Criminal lawyers vote to end strike after accepting government pay offer | UK News

Criminal lawyers in England and Wales have voted to end their strike after accepting a public sector pay offer.

The Criminal Bar Association (CBA) confirmed the end of the industrial action, which had stalled many cases.

In a statement on Twitter, it said: “The Criminal Bar has voted to accept the proposal from the Government.

“With 57% voting to accept the offer from the government, action is suspended from 6pm tonight.”

It comes after the Justice Secretary proposed more reforms to fees for legal aid work, which the Government said amounted to a further £54 million.
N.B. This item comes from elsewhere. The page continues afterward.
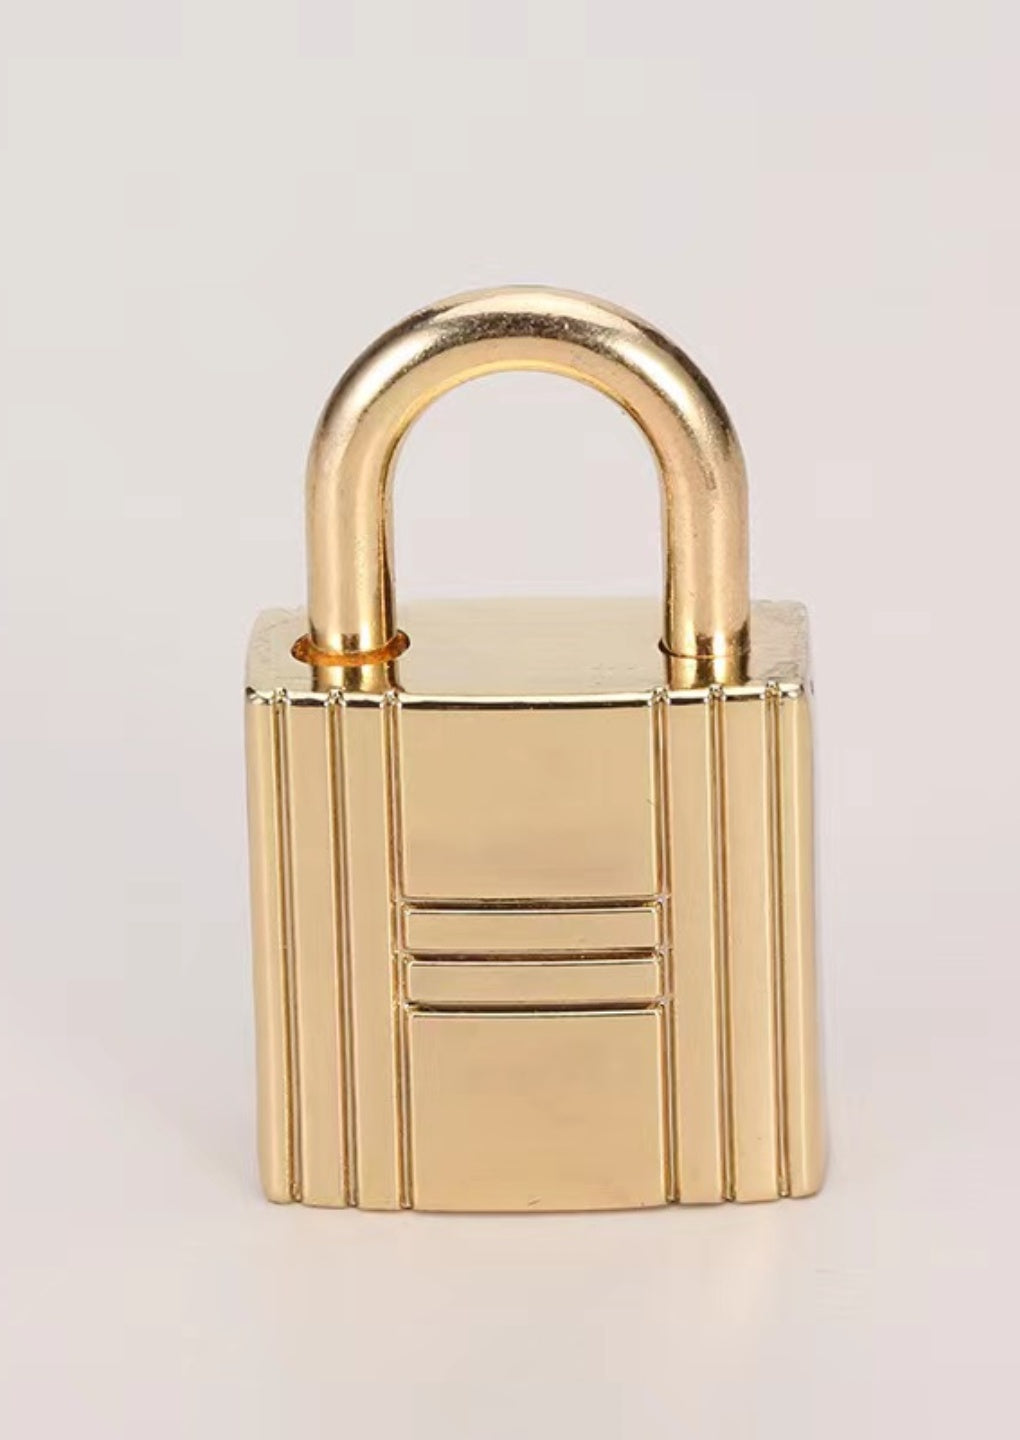 Fashion Handbag Fitting Accessories Square Shape Bag Lock Alloy Turn Twist Lock for Leather Bags Hardware-30
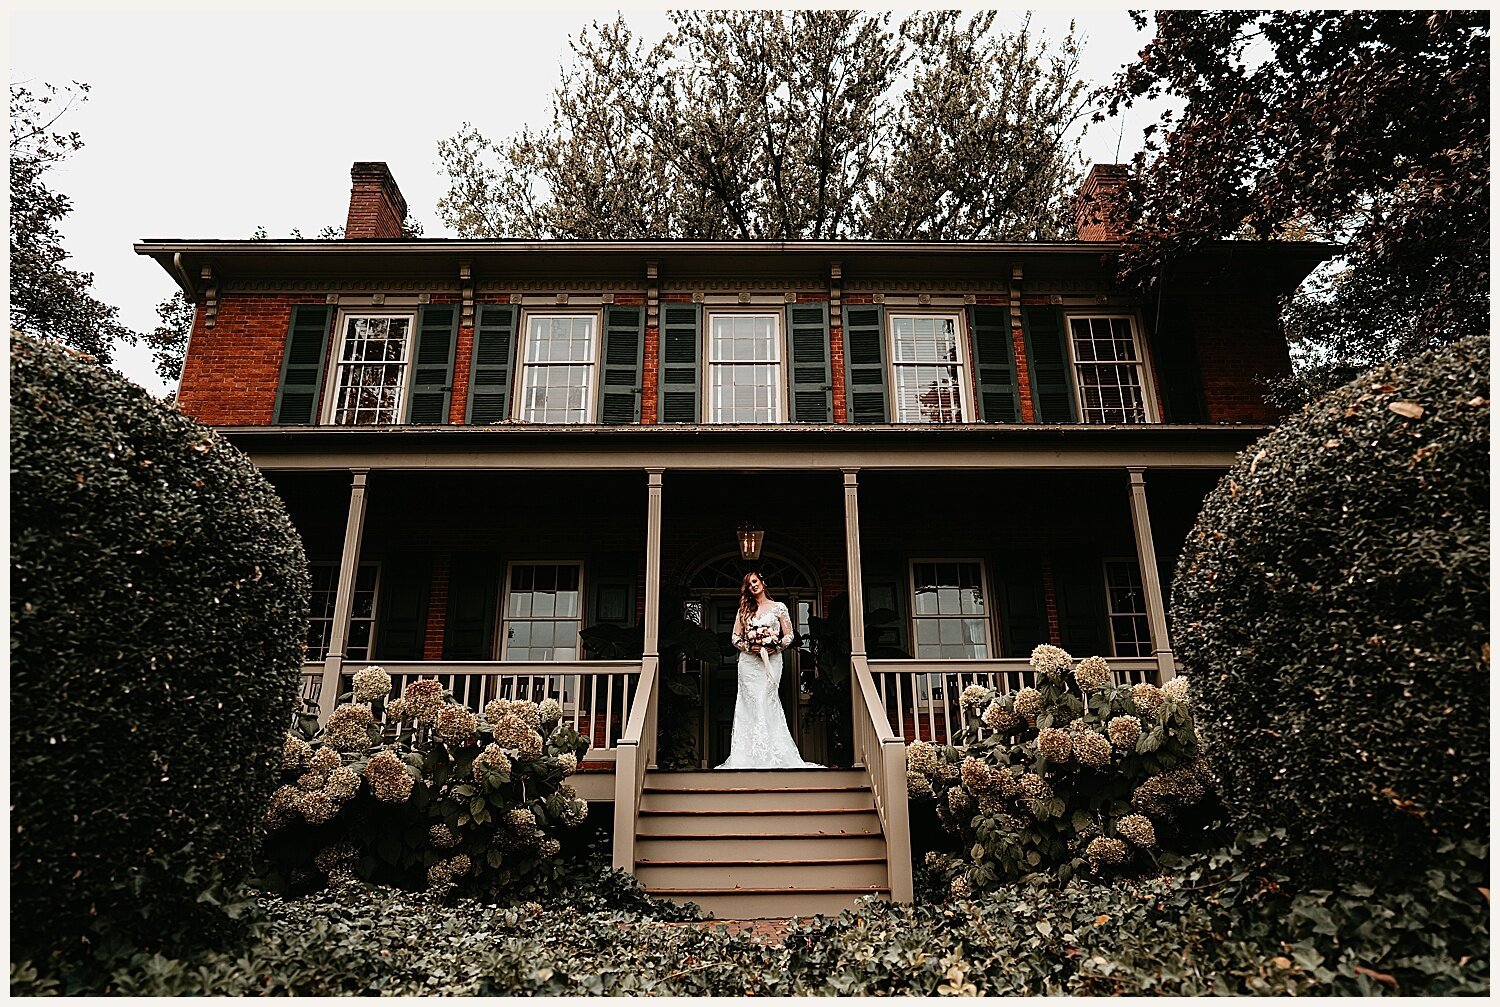 NEPA-lehigh-valley-bloomsburg-wedding-photographer-at-the-cypress-house-new-columbia-pa_0016.jpg

The CBA said the criminal justice system remained “chronically underfunded” but it would respect members’ decision and end the strike.

Barristers will be able to accept new cases from Monday evening and will return to court on Tuesday.

They had initially been offered a 15% fee increase from the end of September – an extra £7,000 a year – but were told it would only apply to new cases.

An improved offer from the Ministry of Justice applied the increase to “the vast majority of cases currently before the Crown Court”.

Justice Minister Brandon Lewis said he was “pleased that lawyers have now agreed to return to work”.

He added: “This breakthrough is a result of coming together and restarting what I hope will be a constructive relationship as we work to reduce the backlog and ensure that victims see justice done more quickly.”

The High Court had recently warned that strike delays to trials may not be a good enough reason to keep defendants in custody if the dispute drags on into November.

Barristers started their action in the summer – initially on alternating weeks and refusing specific work – before escalating it into a continuous walkout last month.

The CBA argued that real wages had fallen by an average of 28% since 2006.

Some attorneys said they sometimes earned less than the minimum wage for public service when they factored in the number of hours they put in.